Monday, November 13, 2006
85-7

A Probabilistic Approach to Identify Soil Textural and Structural Input Variables for the Estimation of Saturated Hydraulic Conductivity.

Allan Lilly, Macaulay Land Use Research Institute, Craigiebuckler, AB15 8QH, Aberdeen, United Kingdom, Attila Nemes, USDA, Beltsville, MD 20705, Walter Rawls, USDA-ARS, Beltsville, MD 20705, and Yakov Pachepsky, USDA/ARS/BA/ANRI/ESML, Beltsville, MD 20705.

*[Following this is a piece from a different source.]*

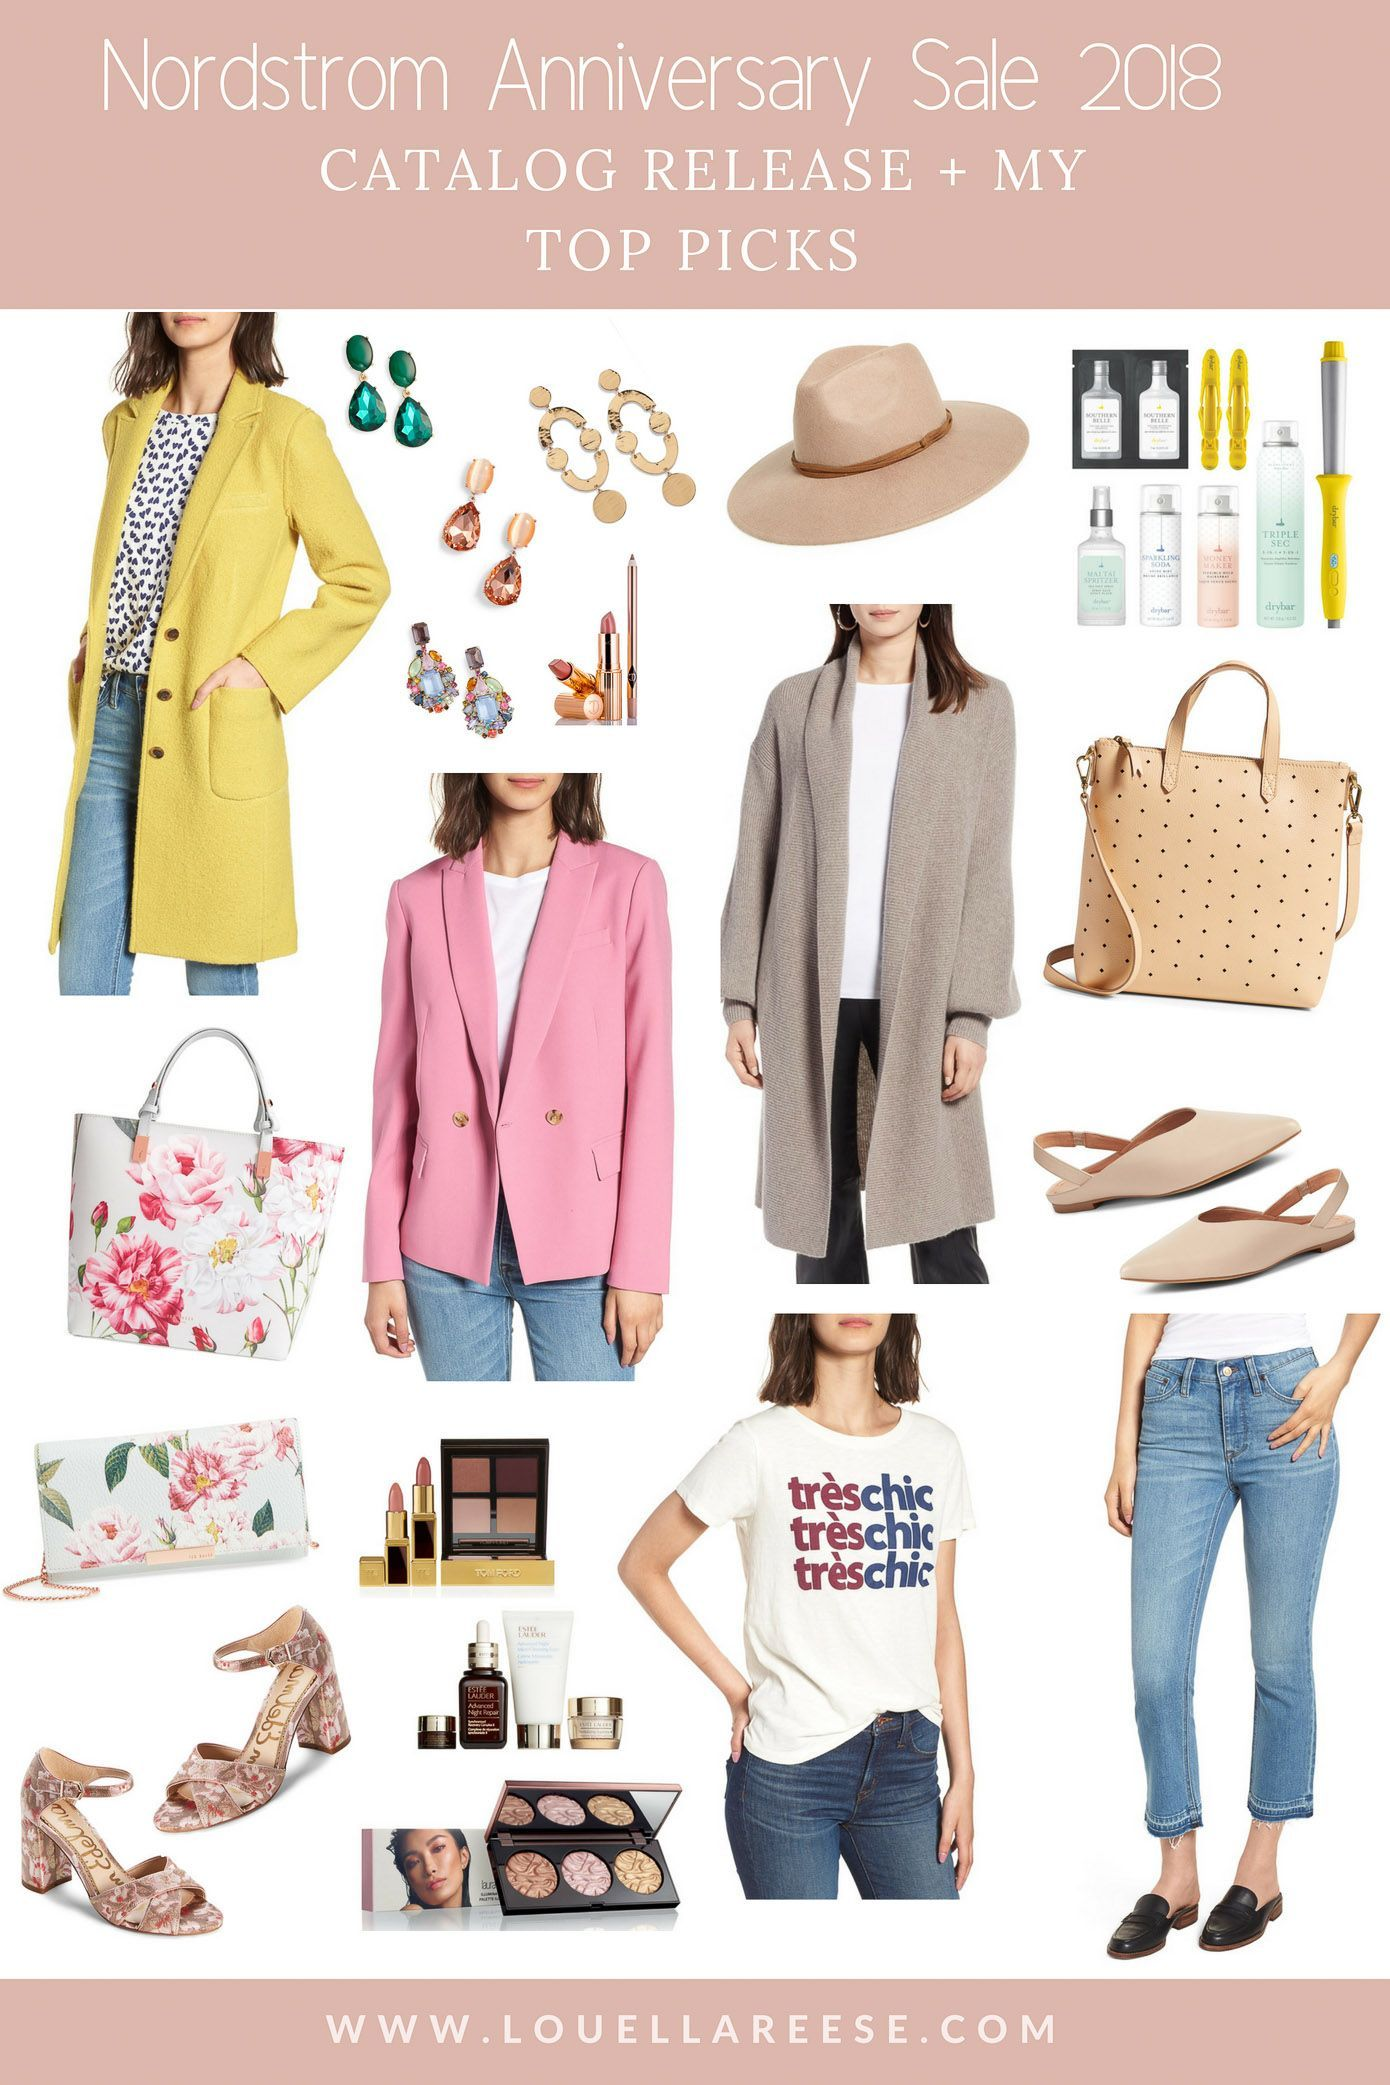 2018 Nordstrom Anniversary Sale FAQ + Top Picks | Louella Reese ...

Soil structure is known to have significant impact on soil hydraulic properties, but is rarely represented directly in soil hydraulic PTFs. Most PTFs use input parameters that are indirectly related to soil structure. However, morphological descriptions of soil structure are often routinely collected during field sampling and represent an underutilized resource. No clear recommendation exists on what structural indicators might be the most significant in relation to the estimation of soil hydraulic properties. We used regression trees to examine, which types of soil texture- and structure-related data provide the most useful information towards estimating soil hydraulic properties. We coupled the regression tree technique with ‘bagging’; meaning that alternative realizations of the input data set were generated. Two hundred realizations have been generated from a European data set (N=502) using randomized subset selection. In each case, samples not selected for tree development were used to test the performance of the tree models. Input variables were: the representation of any of 7 ped-size classes; the orientation of any structural cracks; classification of apedal soils; top/subsoil distinction; USDA texture classes; sand, silt and clay content, bulk density, and organic matter content. The probability of appearance of input attributes at the branch splits, and their split values were evaluated. We developed additional tree models after systematically eliminating groups of the above input information. Routinely collected morphological data were efficient in estimating saturated hydraulic conductivity, and could eventually be used to replace lab measured input data.